EPS Policies Imply Actions, Not Targets
The EPS contains policy levers that imply specific actions (with one exception: the Renewable Portfolio Standard). Examples include taxing carbon emissions, setting a fuel economy standard for trucks, retiring industrial facilities early, afforesting or reforesting a specific amount of land, and so forth. However, some things that are “policies” in the real world do not imply specific actions, but rather, set a target to be met via unknown actions. For example, a carbon cap (as in a cap-and-trade system) specifies a total allowable quantity of emissions but does not specify which actions will be undertaken to meet that target.
The model is designed to predict the outcomes of specific combinations of policy actions, not to seek an “optimal” set of policy actions to meet a specific target within Vensim. Therefore, policies that consist of setting targets to be met via unknown actions are not included in the set of policy control levers offered by the EPS. (The Renewable Portfolio Standard is met via the same decision logic that the EPS uses to determine what electricity sources to build in other circumstances, but limiting the selection to RPS-qualifying sources.)

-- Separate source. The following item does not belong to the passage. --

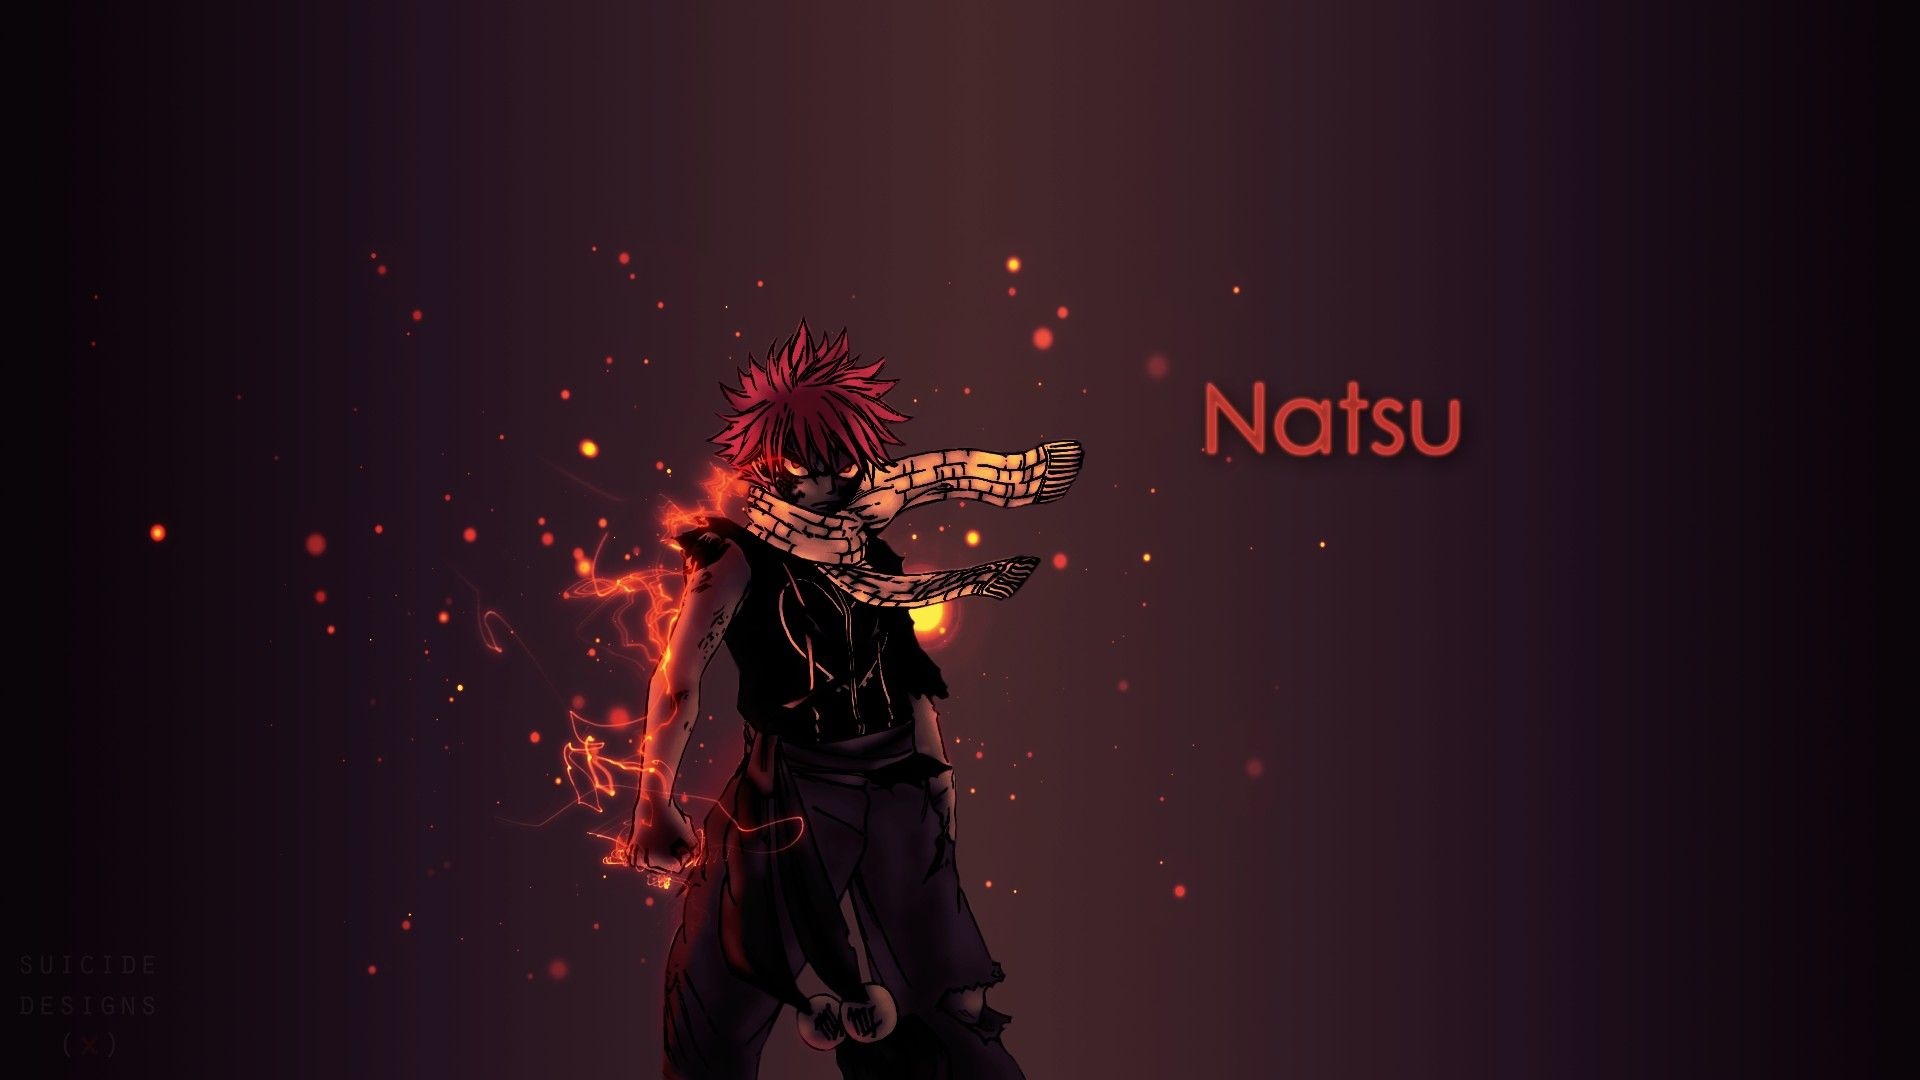 Natsu (Fairy Tail): The protagonist of the manga, Raised by Igneel, the fire dragon. 1920x1080 Full HD Wallpaper.

This does not mean that the EPS cannot help a user understand the effect of a policy that sets a target. The truth is that there are many (likely infinitely many) different combinations of actions that would result in compliance with the target. The Testing Policy Permutations Python script developed for use with the model enables users to search across many of combinations of policy settings to find ones that optimize particular outputs. For example, if a user has a maximum allowable carbon emissions in mind (a carbon cap), he/she can perform thousands of runs of the model while varying policies of interest, discard all of the results with carbon emissions in excess of the cap, and sort the remaining scenarios by another metric of interest (such as least cost). The result will be a set of policies that imply specific actions that, when taken together, achieve the emissions target at least cost.